To substantiate this charge, DHS produced two documents: an indictment and the
judgment of conviction. The indictment alleges that Shaw and two other individuals “did
conspire with each other to dispense or distribute a controlled dangerous substance, that
is, marijuana, in a quantity of twenty-five pounds or more, in violation of N.J.S. 2C:35-
5a(1) and 2C:35-5b((10)(a)), contrary to the provisions of N.J.S. 2C:5-2.” A.R. 146. 2
The judgment shows that Shaw pleaded guilty to one count of conspiracy in the third
degree. Based on these documents, the immigration judge (IJ) found that Shaw had been
convicted of conspiracy to distribute twenty-five pounds or more of marijuana, agreed
with DHS that Shaw was inadmissible to the United States under 8 U.S.C.
§ 1182(a)(2)(A)(i)(II), and ordered him removed. Shaw appealed to the Board of
Immigration Appeals (Board) without success. Like the IJ, the Board determined that
Shaw’s conviction was for the conspiracy crime charged in the indictment. Shaw now
seeks review in this Court.
II.
Under New Jersey law, the conspiracy-to-distribute-drugs charge listed in the
indictment DHS presented cannot be the conspiracy crime listed in the judgment. The
record contains no conclusive evidence that Shaw admitted to or was convicted of a
2
The indictment contains two other charges, both of which were dropped: one for
possession with intent to distribute twenty-five pounds or more of marijuana, in violation
of N.J. Stat. Ann. § 2C:35-5a(1), b(10)(a), and one for the same crime “within 1,000 feet
of school property used for school purposes,” in violation of N.J. Stat. Ann. § 2C:35-7.
A.R. 146.
18
controlled-substance offense. Thus, DHS has failed to meet its burden of proving that
Shaw is inadmissible under 8 U.S.C. § 1182(a)(2)(A)(i)(II), and the IJ and the Board
erred by relying on the indictment DHS presented.
A.
New Jersey grades conspiracy offenses according to the seriousness of the
underlying object of the conspiracy: “[C]onspiracy to commit a crime of the first degree
is a crime of the second degree,” and in all other cases, “conspiracy is a crime of the same
degree as the most serious crime which is the object of the conspiracy.” N.J. Stat. Ann.
§ 2C:5-4. In other words, second-degree conspiracy is conspiracy to commit a crime of
either the first or second degree; third-degree conspiracy is conspiracy to commit a crime
of the third degree; and fourth-degree conspiracy is conspiracy to commit a crime of the
fourth degree.
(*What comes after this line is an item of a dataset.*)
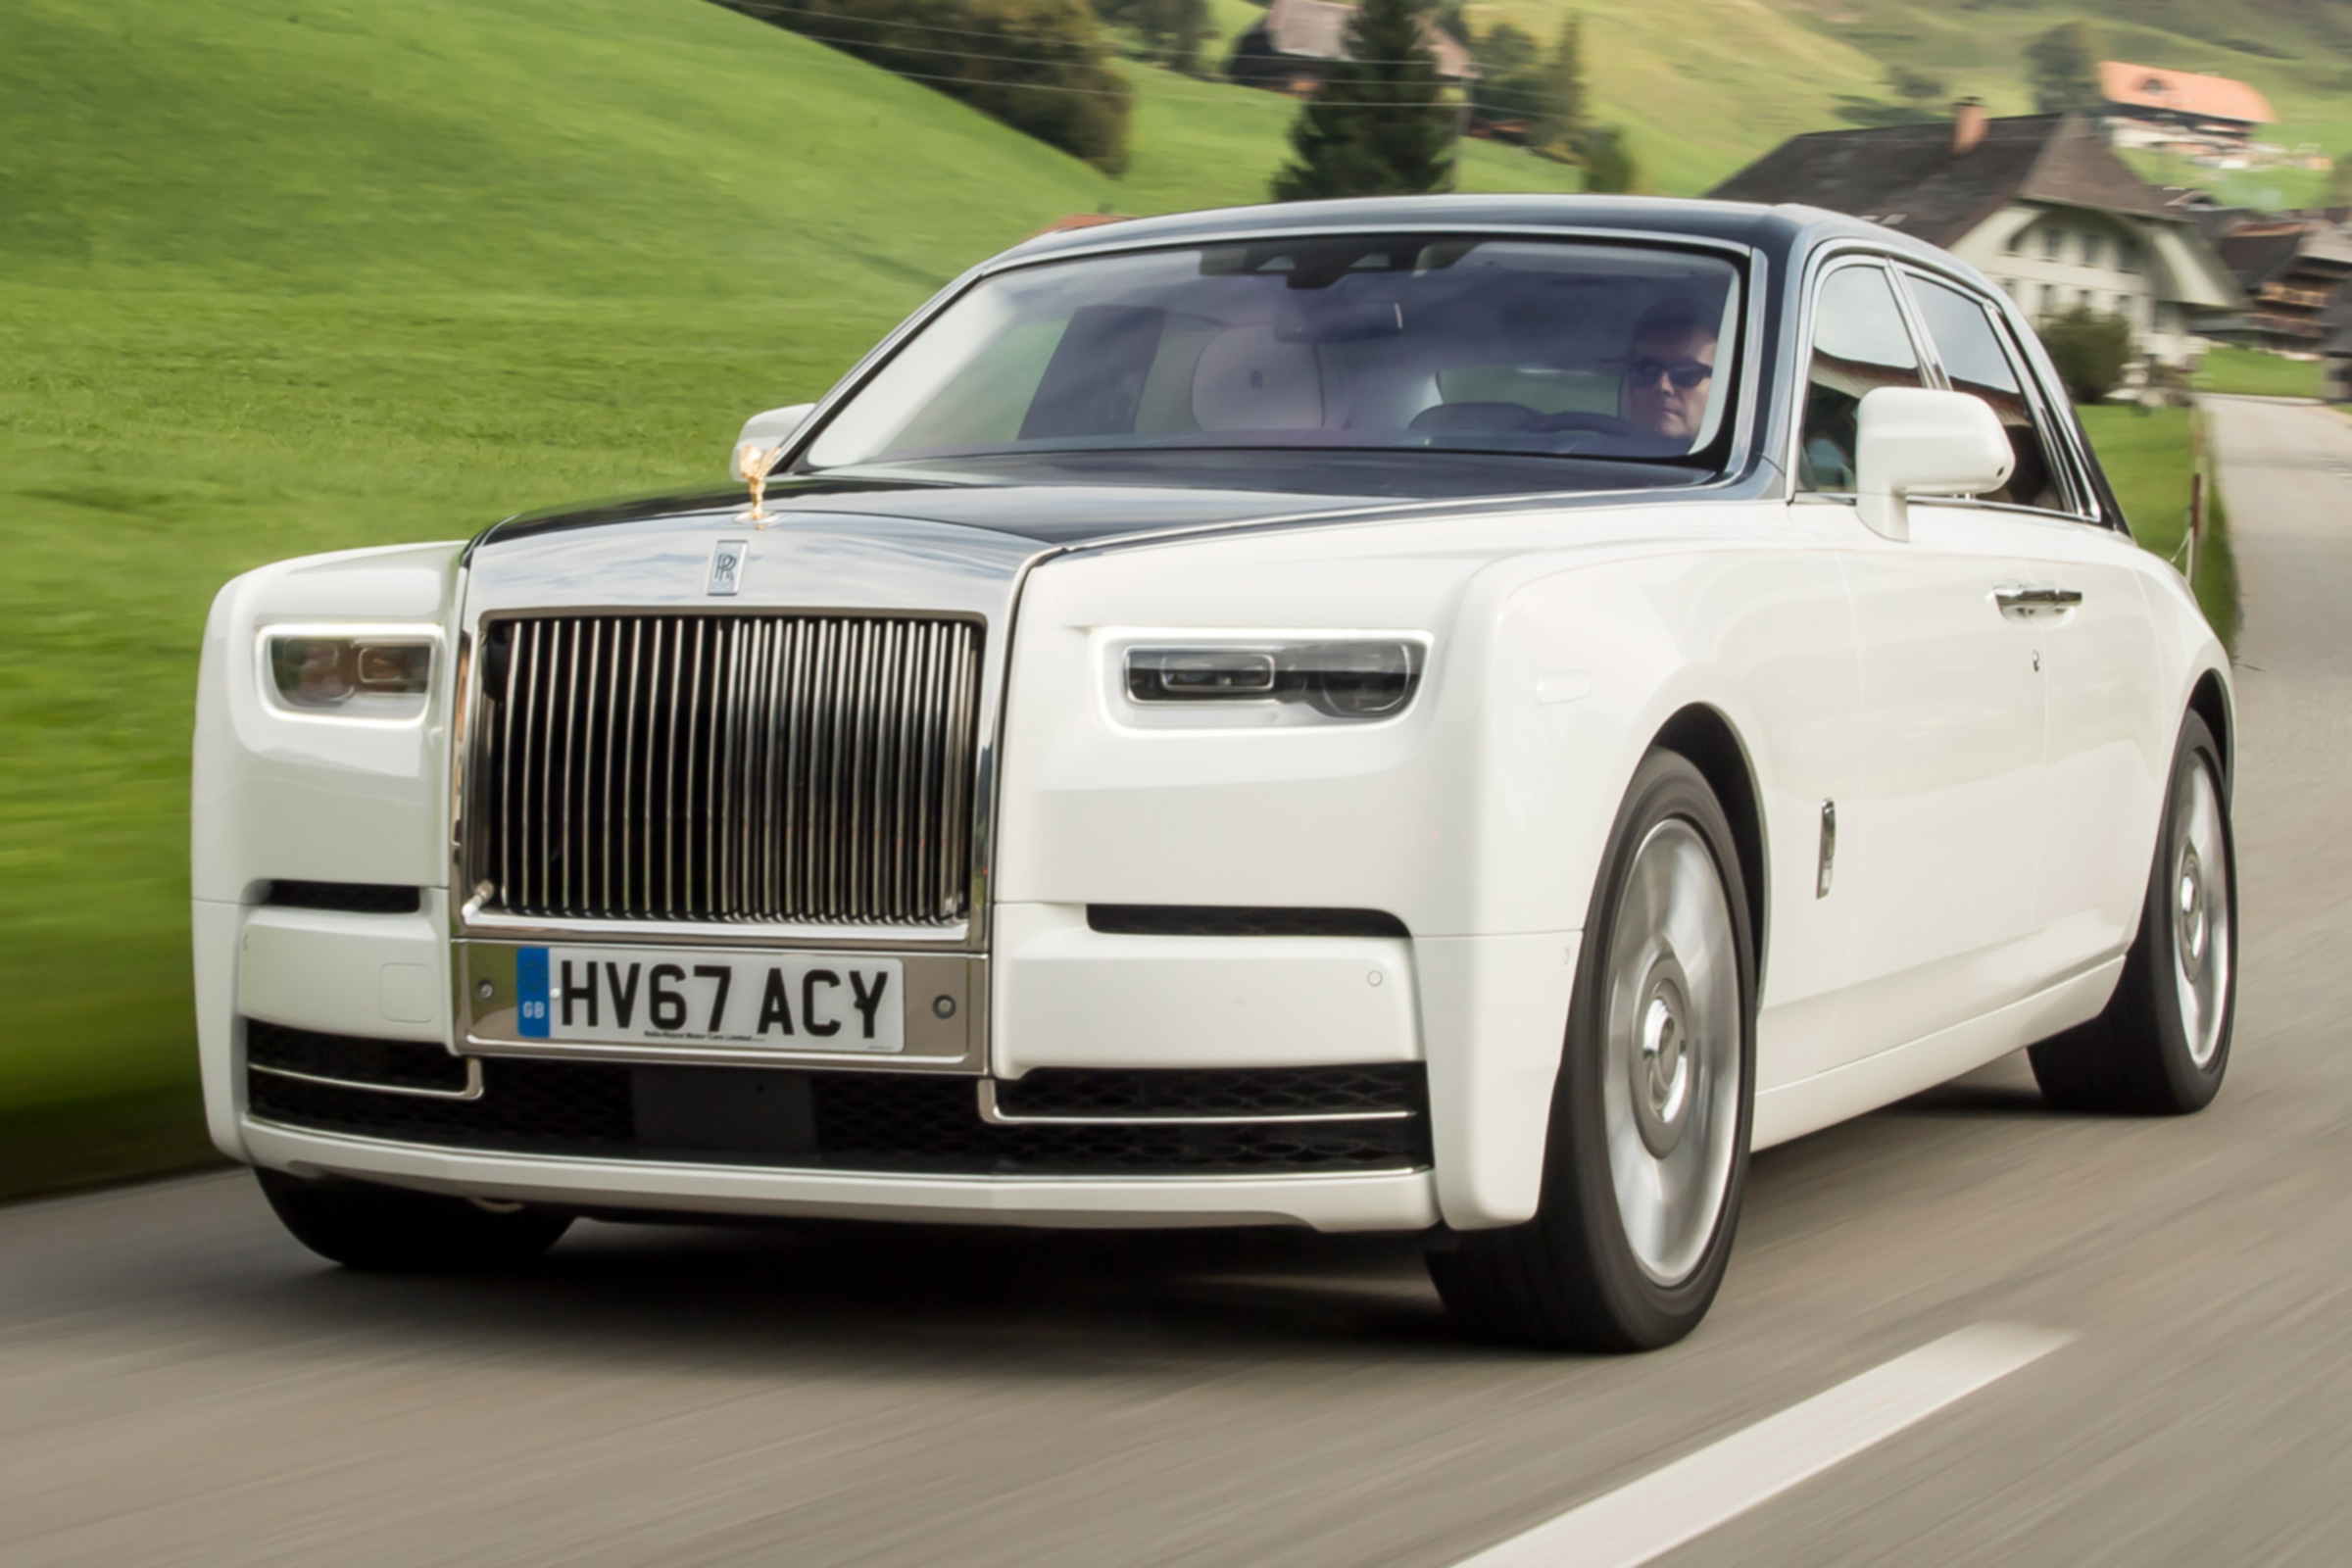 Rolls Royce Phantom Most Comfortable Cars Auto Express

See id. Because Shaw was convicted of third-degree conspiracy, we know
that he was convicted of conspiring to commit a crime of the third degree. See id.
But the conspiracy crime listed in the indictment is not a crime of the third degree.
The indictment alleges that Shaw conspired to dispense or distribute twenty-five pounds
or more of marijuana in violation of N.J. Stat. Ann. §§ 2C:35-5a(1) and 2C:35-5b(10)(a).
Per those statutes, dispensation or distribution of twenty-five pounds or more of
marijuana is a crime of the first degree. Id. § 2C:35-5a(1), b(10)(a). Thus, the
conspiracy crime in the indictment is a crime of the second degree. See id. § 2C:5-4.
Simply put, Shaw did not admit to and was not convicted of conspiracy to
dispense or distribute twenty-five pounds or more of marijuana. He admitted to and was
convicted of conspiracy to commit a lesser crime not listed in the indictment.
19
B.
This discrepancy is significant not only because DHS has misrepresented Shaw’s
conviction but because DHS has the burden of proving that Shaw in fact committed an
act that renders him removable under the INA. In removal proceedings against a lawful
permanent resident, DHS must “establish[] by clear and convincing evidence” that the
lawful permanent resident is removable. See 8 U.S.C. § 1229a(c)(3)(A); Salem v.
Holder, 647 F.3d 111, 114 (4th Cir. 2011). The clear-and-convincing standard is “a
heavy burden, requiring ‘evidence of such weight that it produces in the mind of the trier
of fact a firm belief or conviction, without hesitancy, as to the truth of the allegations
sought to be established,’ or ‘evidence that proves the facts at issue to be highly
probable.’” United States v. Watson, 793 F.3d 416, 420 (4th Cir. 2015) (quoting United
States v. Heyer, 740 F.3d 284, 292 (4th Cir. 2014)).
DHS charged that Shaw was removable under 8 U.S.C. § 1182(a)(2)(A)(i)(II).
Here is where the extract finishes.